By Ira Sharkansky, Ph.D
JERUSALEM — Israel seems mired in a context of reform proposals, which would increase the power of politicians over the judiciary. One proposal would increase the power of the government in naming judges; another would provide the ruling party the power to override decisions of the Supreme Court. A third proposal would limit the criteria that judges may use to override decisions of the Knesset.
Protests have been wide. Hundreds of thousands have gathered week after week, and comments against the proposals have come from the Chief Justice of the Supreme Court, present and former Legal Advisors to the Government, major lawyers, professors, and others. A recent poll, published in the Jerusalem Post, shows the current opposition outvoting Likud and the other government parties. The results would be 65 Seats for the group of parties led by Yair Lapid, and including Benny Gantz, Gideon Saar, Avigdor Lieberman, Labor, and Meretz.
An American may ask, “What’s the issue?” The U.S. president names judges of all federal courts, and the Senate has the authority to approve the nominations. Overall, it’s much more political than what is being proposed in Israel.
The balance of powers in the U.S. has worked over the course of 230 years. It also includes the state governments, which exercise much of the domestic powers that in Israel are in the hands of the national government. The U.S. state governments are, more or less, copies of the national government: Governors make appointments, and the State Legislature approves—or rejects—them.
Yet the issue is one of change. Israel’s balance of powers has worked, more or less well, and the proposals would shift power, giving more to the ruling parties in the Knesset.

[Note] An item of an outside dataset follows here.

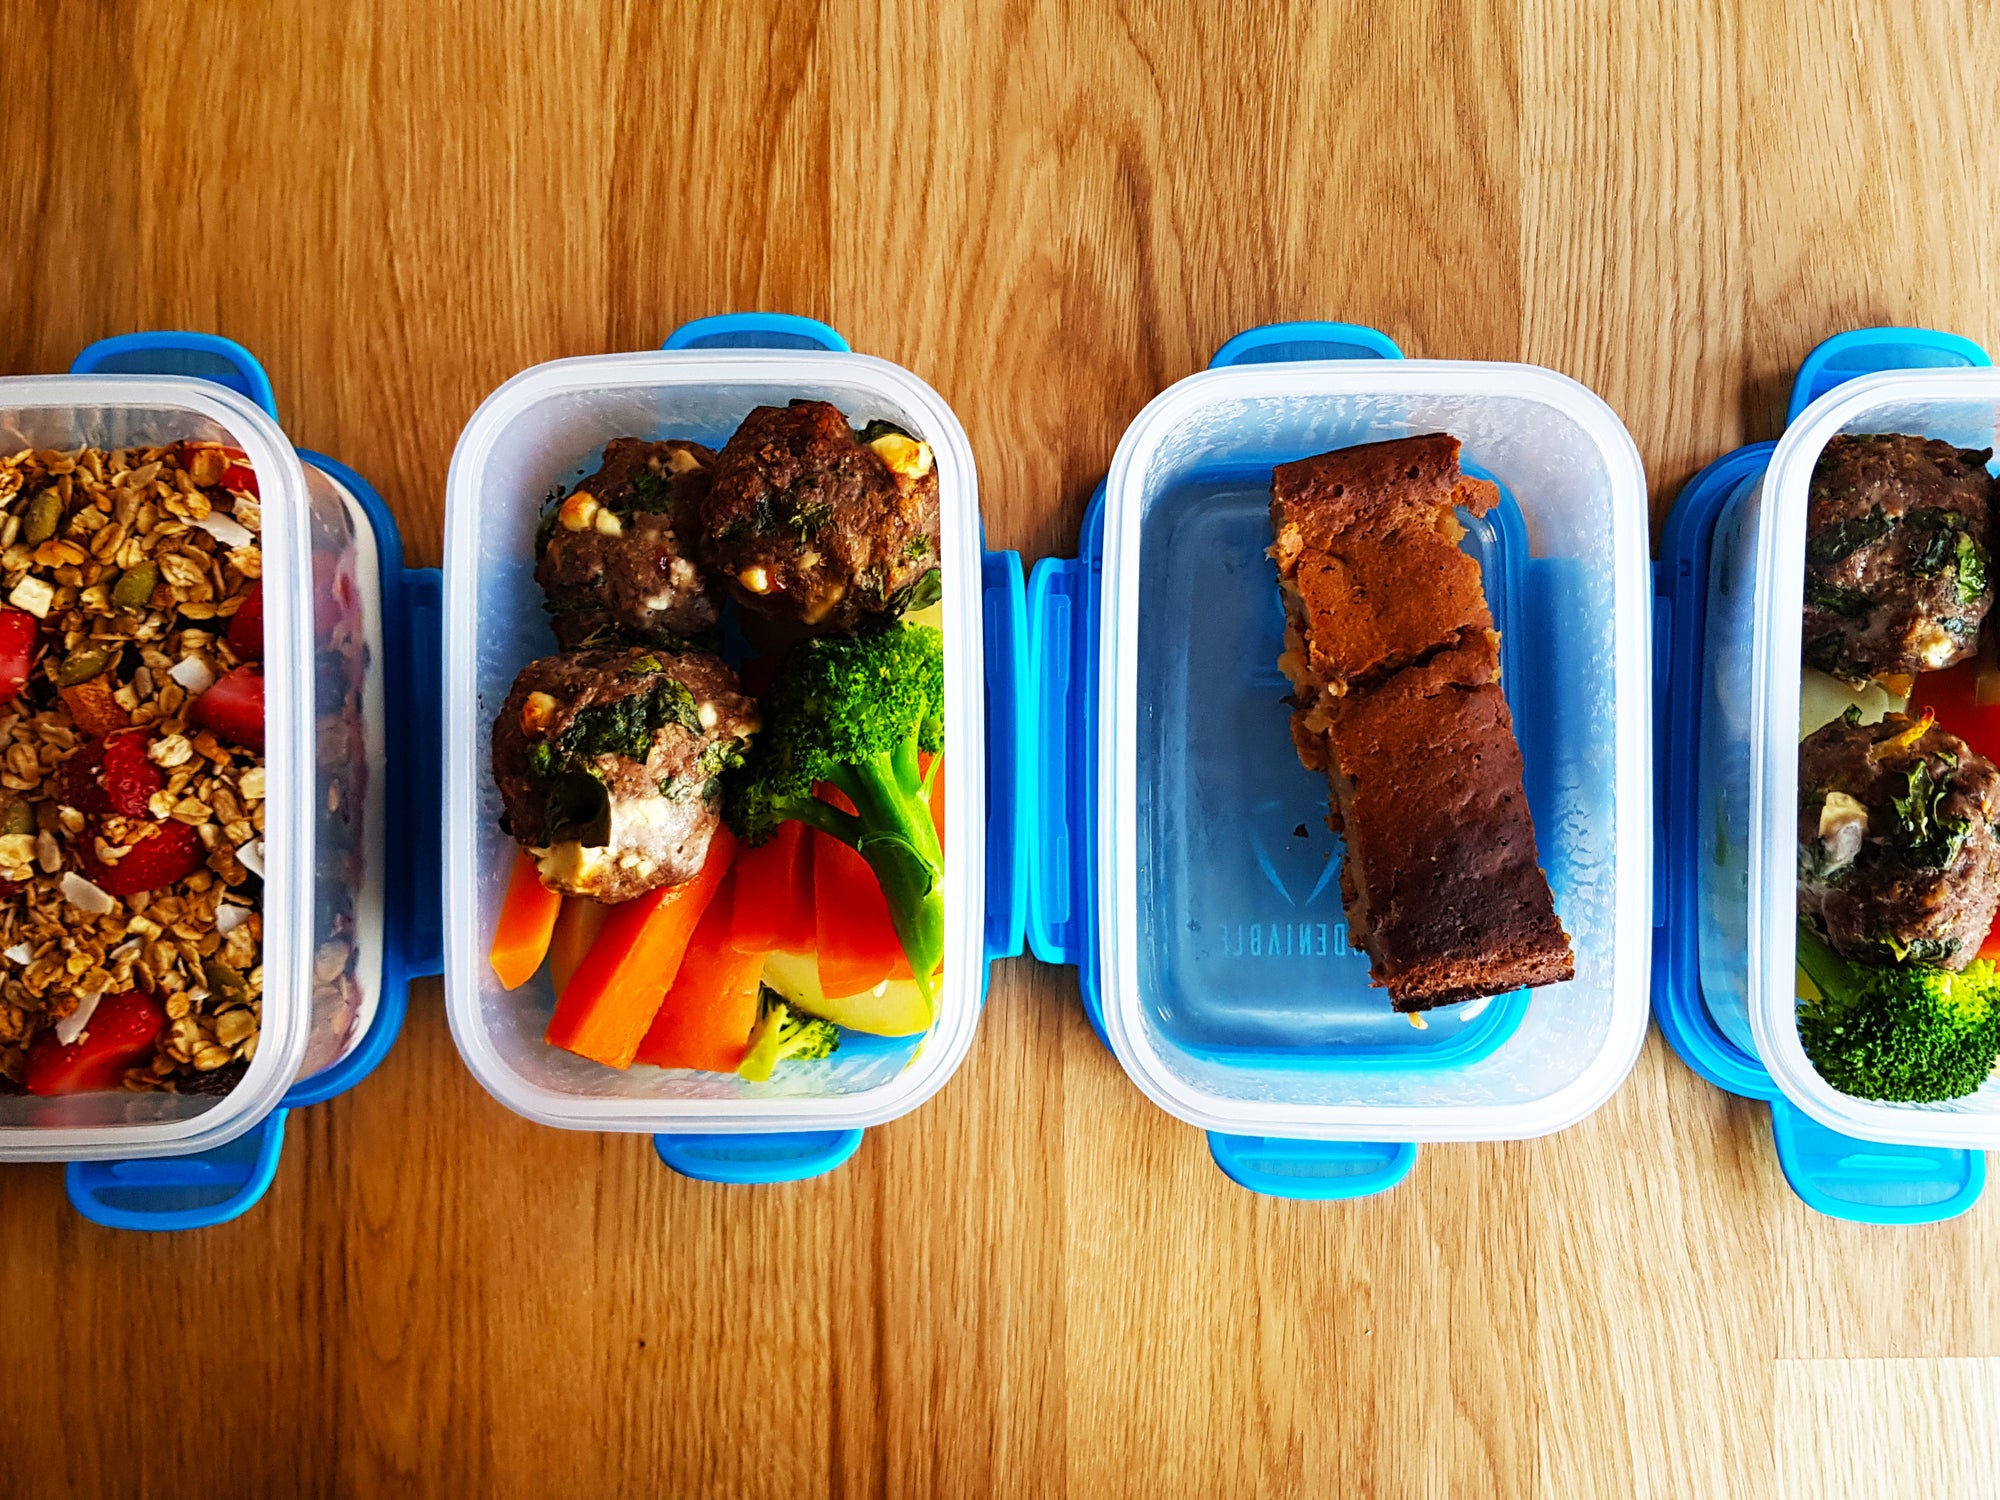 Meal Prep Sunday - 29th July 2018 - 2000 Calories & 6 Meals Per Day

Israel’s proposed shifting of powers reflects the weight of the parties in the ruling coalition, and especially the weight of several ideological figures who want more power for people like themselves. Yariv Levin, Itamar Ben-Gvir, Bezalel Smotrich, Simcha Rothman, Tally Gotliv, and Shlomo Karhi are prominent among them.
There’s also moves by Smotrich, whose position as Finance Minister has been expanded to include domestic use by the military in the disputed territories, to expand Israel’s control over the latter, i.e., moving further into the West Bank.
While the government has decided to moderate settlement, in agreement with Jordan, the Palestinians, and the U.S., Smotrich, Ben-Gvir, and maybe Bibi have said No. They see settlement as continuing.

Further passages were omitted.